Abstract:
A safety cap, having an inner cap for covering a container and an outer cap covering the inner cap for selectively rendering the inner cap child resistant, is provided. The inventive safety cap includes a fixing mechanism for selectively fixing the inner and outer caps together, the fixing mechanism being preferably movable from a first position to a second position. When the fixing mechanism is in the first position, the outer cap is rotationally fixed with respect to the inner cap, and when the fixing mechanism is in the second position, the outer cap is rotationally independent of the inner cap. Thus, when the fixing mechanism is in the first position, the inventive cap functions like a conventional non-safety cap. When the fixing mechanism is moved into its second position, the outer and inner caps are made rotationally independent, and thus the cap of the invention functions like a safety cap requiring simultaneous downward force and twisting to remove. The fixing mechanism is preferably made to be irreversibly child-resistant and not returnable to the first position once moved into the second position.

Description:
BACKGROUND OF THE INVENTION 
     1. Field of the Invention 
     The invention relates to caps for medicine containers and the like. More particularly, the invention relates to safety caps which are child-resistant. 
     2. Description of the Related Art 
     Safety caps for medicine containers, over-the-counter pharmacological products, and the like, are known. Many medicines and pills are extremely dangerous if taken in overdoses; young children have a tendency to experiment with medication, mistaking it for candy. Also, while a child who gains unauthorized access to medication may not actually ingest it, in many cases, accessed medication is wasted or unusable (e.g., poured down a sink), a needless expense to the purchaser of the medication. 
     One typical safety cap constitutes a two-piece design. The inner piece is threaded and engages threads on the container. The outer piece covers the inner piece and prevents easy opening of the container. An example of such a conventional safety cap can be found in U.S. Pat. No. 3,394,829 to Peterson, the teachings of which are incorporated by reference herein. Other known safety caps are taught by U.S. Pat. No. 5,147,053 to Friedenthal, U.S. Pat. No. 4,998,632 to Morris, Sr., U.S. Pat. No. 4,787,525 to Joyce, U.S. Pat. No. 4,337,869 to Guinle, and U.S. Pat. No. 3,794,200 to Marks, the teachings of all of which are also incorporated by reference herein. 
     Peterson provides a two-piece safety cap having a spring biasing member disposed in between the outer and inner pieces. The biasing member pushes the outer piece away from the inner piece and allows the outer piece to rotate freely on the container while the inner piece remains fixed and closed. In order to open the container, a person must exert a downward force on the outer piece and thereby push it into engagement with the inner piece. The outer and inner pieces are provided with tongues and grooves, respectively. When the outer piece is pushed into contact with the inner piece, the tongues on the inner surface of the outer piece lock into the grooves formed on the outer surface of the inner piece. When the tongues and grooves are locked together, the two cap pieces may be rotated together, and the medicine container may thus be opened. 
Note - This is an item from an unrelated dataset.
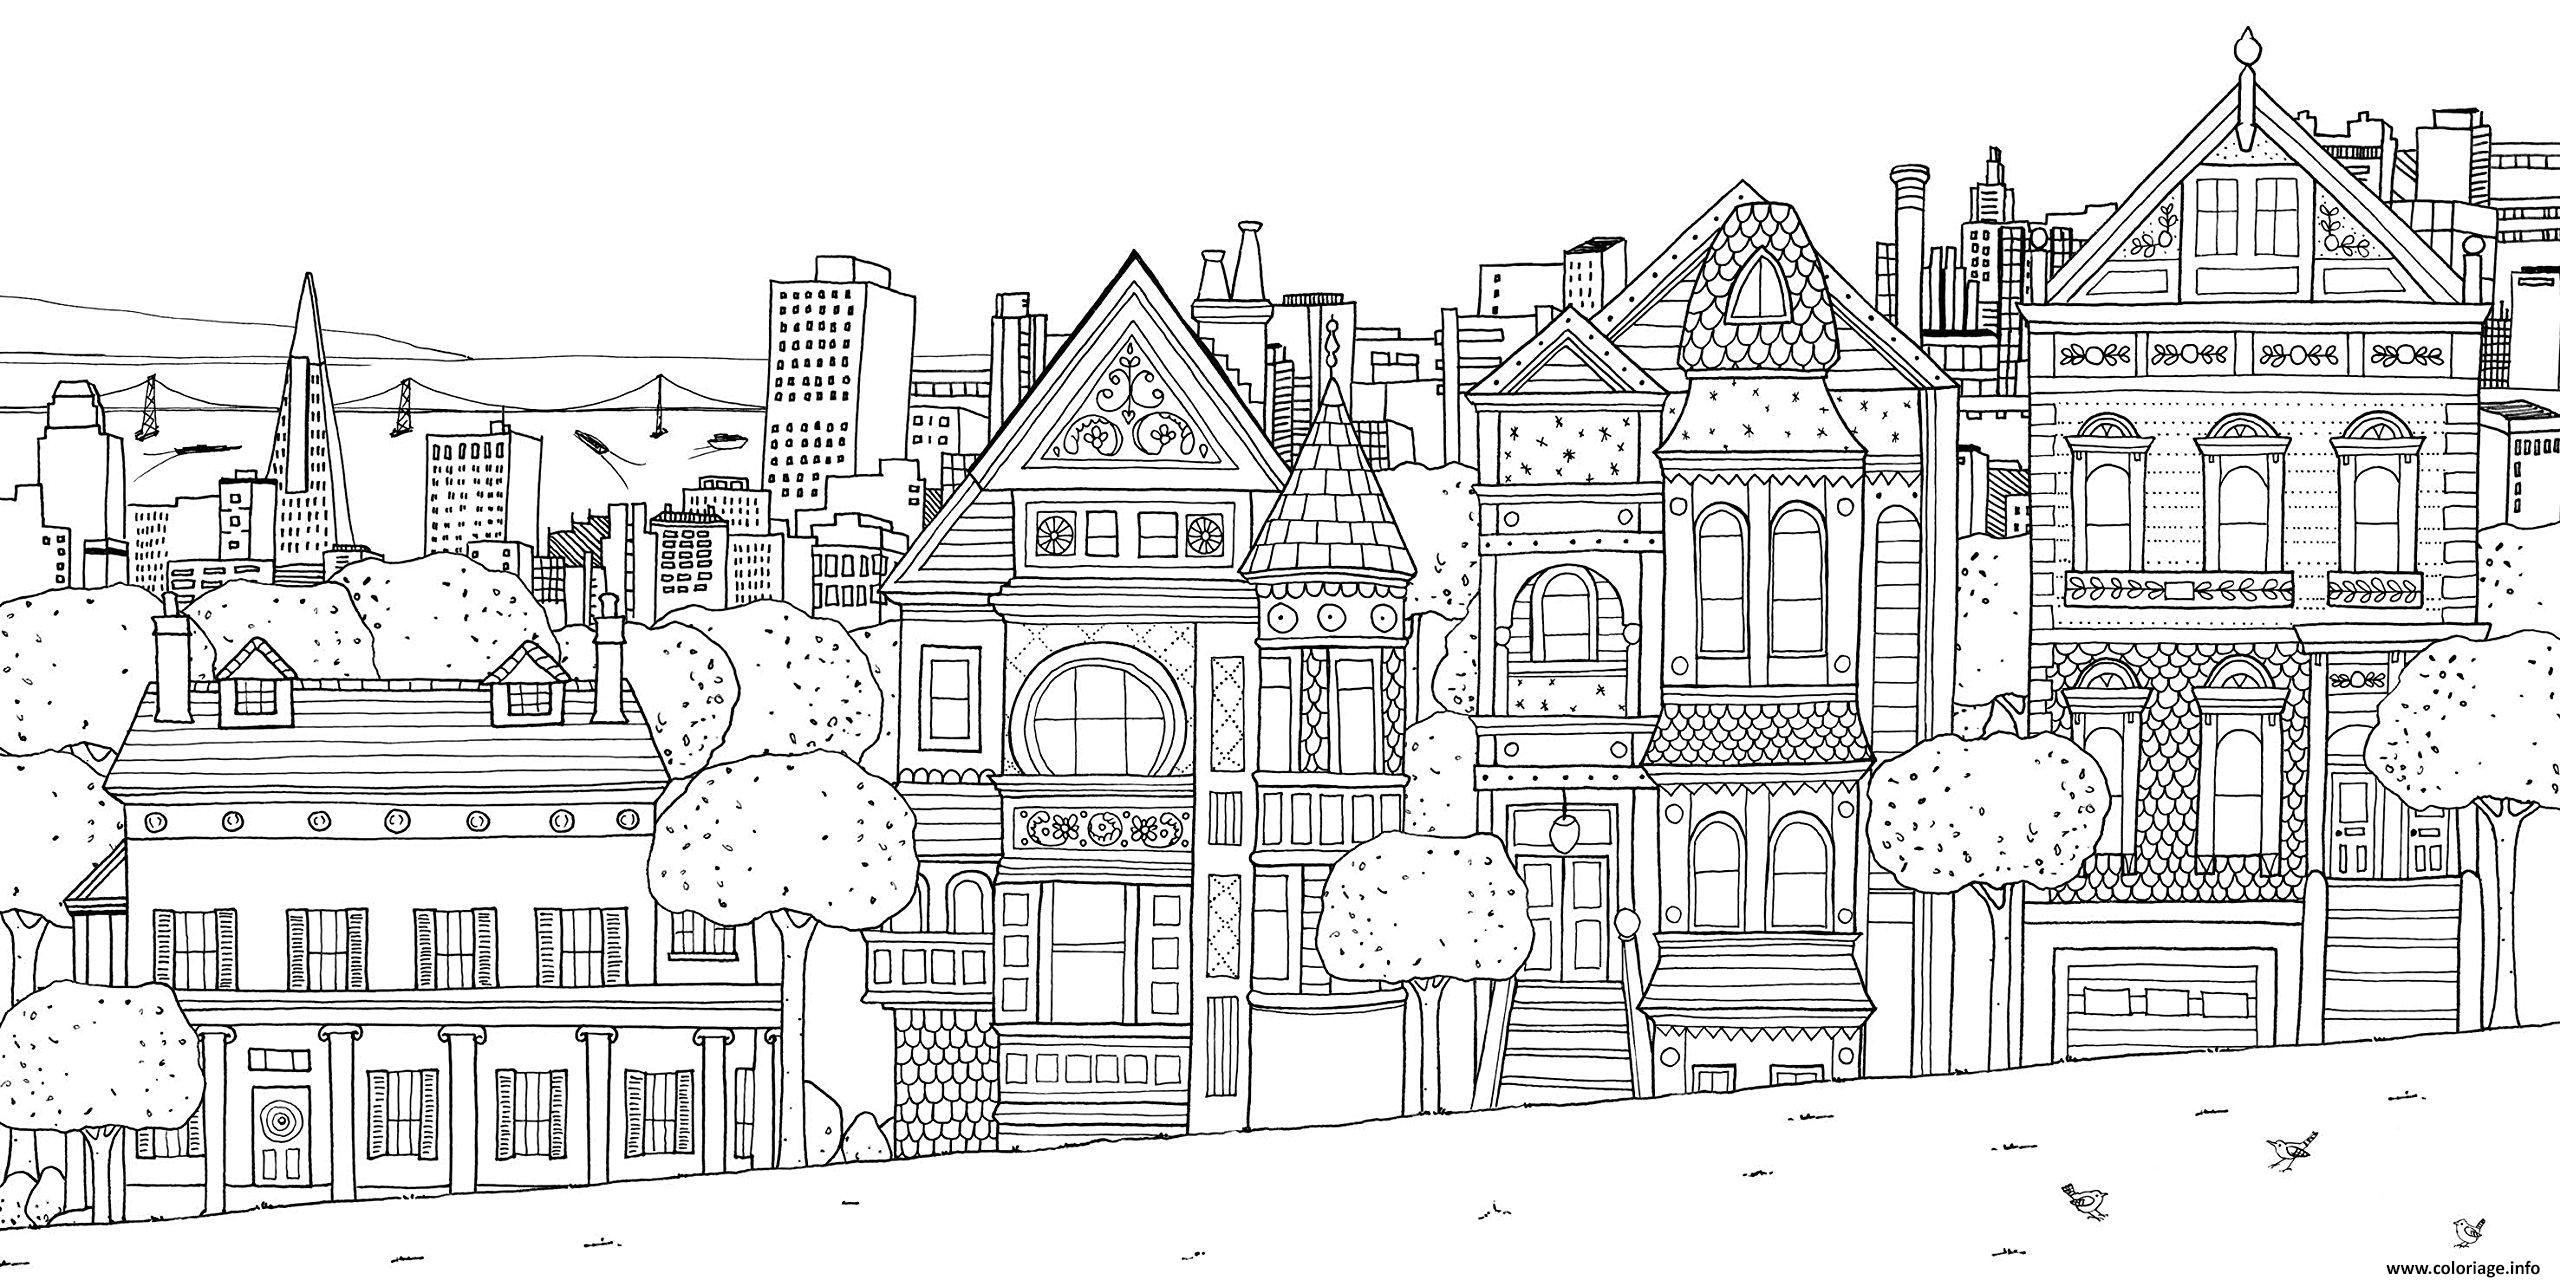 Coloriage Xxl Maison Appartements Ville Dessin A Imprimer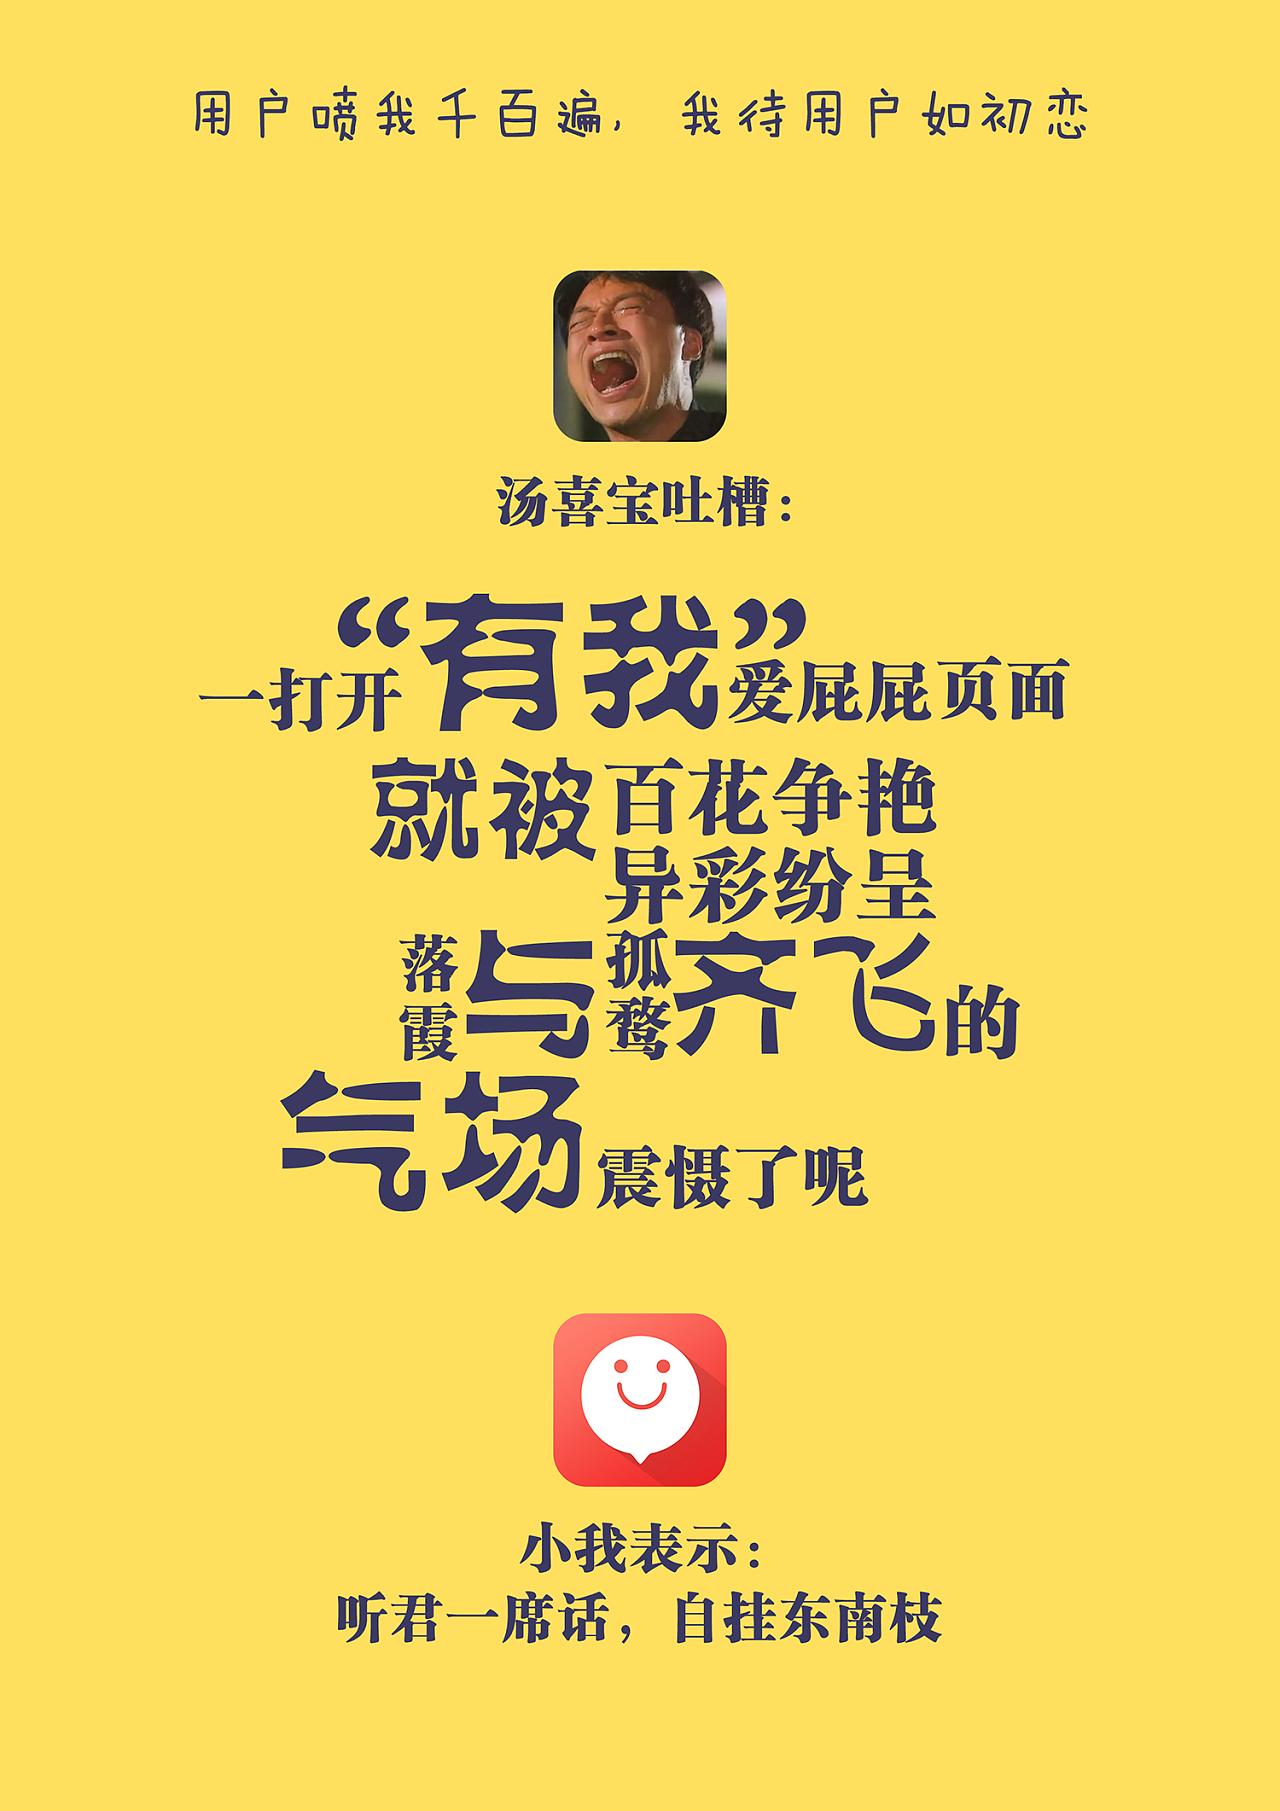 有我app自黑宣传海报纯文字简约风,午休抽空做出来的

     Another conventional two-piece safety cap eliminates the need for a spring biasing member interposed between the outer and inner caps. The top surface of the inner cap is provided with ramped risers and the bottom surface of the outer cap is provided with downwardly projecting elements for engaging the ramped risers. Because the top surfaces of the risers are ramped, the projecting elements will slide off of the tops of the ramped risers unless the user exerts significant downward force on the outer cap, thereby squeezing the downwardly projecting elements into frictional engagement with the ramped risers. One of the sides of the riser is made substantially vertical, so that the two caps will move together in one direction (e.g., clockwise or the closing direction) but not the other direction (e.g., counterclockwise or the opening direction). 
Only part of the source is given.